Circle all of the allowed sets of quantum numbers for an electron in a hydrogen atom?

n=6, l=3, ml =-2, ms=+1/2
n=2, l=1, ml =0, ms=-1/2
n=2, l=2, ml =1, ms=+1/2
n=3, l=0, ml =1/2, ms=-1/2
n=3, l=1, ml =0, ms=0
n=0, l=0, ml =0, ms=-1/2

1 Answer
May 11, 2016

Recall the quantum numbers:

The three main quantum numbers describe the energy level, shape, and projection of the orbitals onto the xyz axes. Bonus: there is a fourth which describes the spin of the electron(s) in the orbital.

  • #n# is the principle quantum number which describes the energy level. #n >= 1# and is in the set of integers. That is, #n = 1,2, . . . , N#, for some finite #N# (only one of those numbers at a time).
  • #l# is the orbital angular momentum quantum number which describes the shape of the orbital. #l >= 0# and is an integer. #l = 0, 1, 2, ..., n-1# for #s, p, d, ...# orbitals, respectively (only one of those numbers at a time).
  • #m# (more specifically, #m_l#) is the magnetic quantum number, which describes the projection of the orbital in the #0,pm1, pm2, . . . , pml# directions.

It takes on every possible value of #l# and #0# in integer steps (not just the value of #l#, but every integer from #-l# to #0# to #+l#).

That is, #m_l = {0,pm1,pm2, . . . , pml}#. Note that #m_l# tells you how many subshells there are for a given orbital type (#s,p,d, . . .#).
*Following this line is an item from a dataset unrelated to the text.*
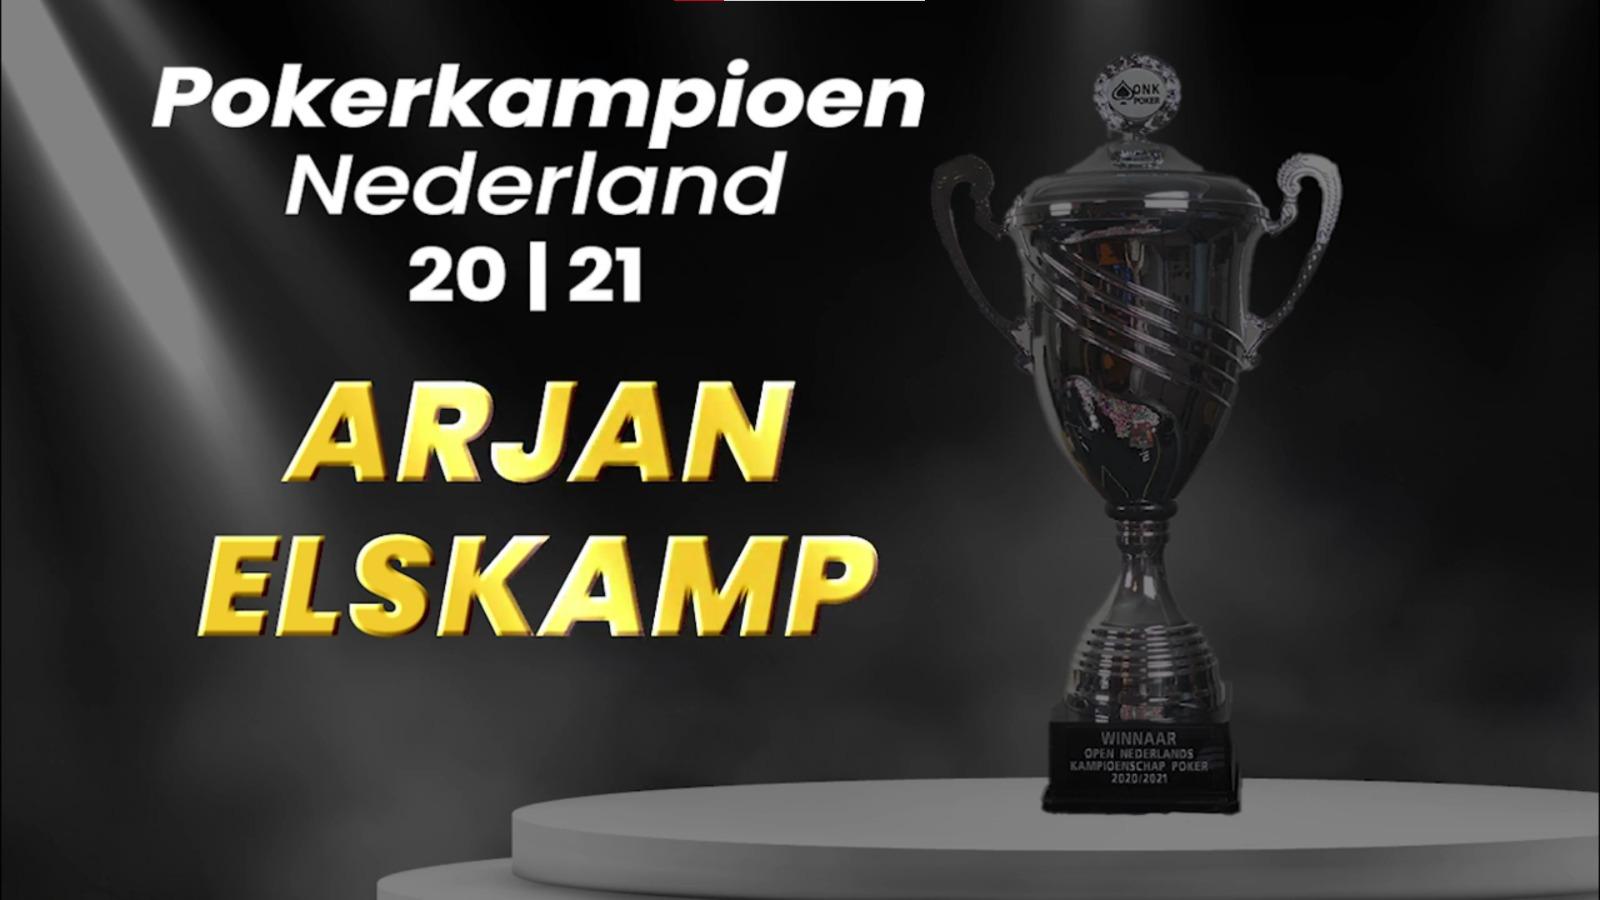 Arjan Elskamp

  • #m_s# (see why we need to say #m_l#?) is the electron spin quantum number, which describes the spin of the electron. It is only #pm1/2#, independent of the other quantum numbers.

(1)

With #n = 6# and #l = 3#, we are looking at a #6f# orbital, since #l = 3# corresponds to an #f# orbital.

For #l = 3#, we really have #m_l = {0,pm1,pm2,pm3}#, so #m_l = -2# is allowed. Lastly, #m_s = +1/2# is allowed.
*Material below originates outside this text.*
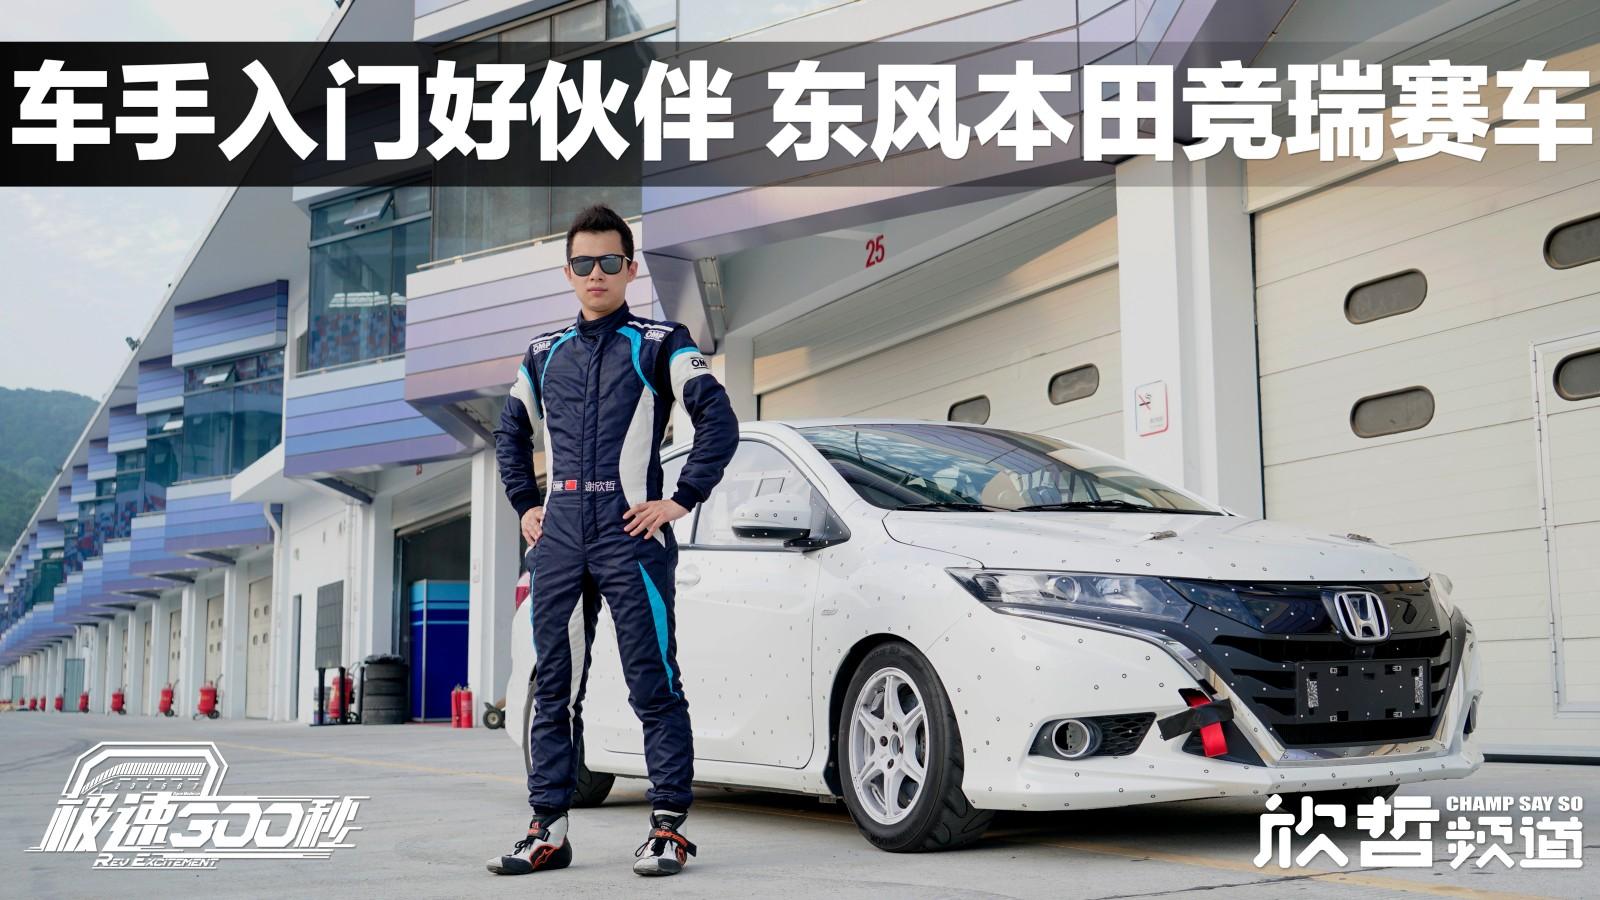 极速300秒 | 车手入门好伙伴 东风本田竞瑞赛车视频

This is really saying that there is a spin-up electron in the #6f# orbital with an orbital angular momentum of #-2# (the second orbital from the left, for a #-3,-2,-1,0,+1,+2,+3# order).

(2)

With #n = 2# and #l = 1#, we are looking at a #2p# orbital, since #l = 1# corresponds to an #p# orbital.

For #l = 1#, we really have #m_l = {0,pm1}#, so #m_l = 0# is allowed. Lastly, #m_s = -1/2# is allowed.

This is really saying that there is a spin-down electron in the #2p# orbital with an orbital angular momentum of #0# (the middle orbital for a #-1,0,+1# order).

(3)

With #n = 2# and #l = 2#, we are looking at a so-called "#2d#" orbital, which doesn't exist.

For #l = 0,1,2, . . . , n-1#, we walk through #0 harr s, 1 harr p, 2 harr d# and find that #l = 2 harr d#.

For #d# orbitals, we note that #n >= 3# for #d# orbitals, but #n = 2# is impossible if #l = 2#.

Thus, this is an impossible configuration.

(4)

With #n = 3# and #l = 0#, we are looking at a #3s# orbital.

For #l = 0#, #m_l = {0}#. So, #m_l = 1/2# is impossible.

Thus, this is an impossible configuration.

(5)

With #n = 3# and #l = 1#, we are looking at a #3p# orbital.

For #l = 1#, #m_l = {0,pm1}#. So, #m_l = 0# is allowed. However, only #m_s = pm1/2# is allowed. So, #m_s = 0# is forbidden.

Thus, this is an impossible configuration.

(6)

With #n = 0#, consider that #n = 1,2,3, . . . , N#, for some finite #N#. But of course, #0 < 1#. It's outside the range of possible values of #n#.

Thus, this is an impossible orbital.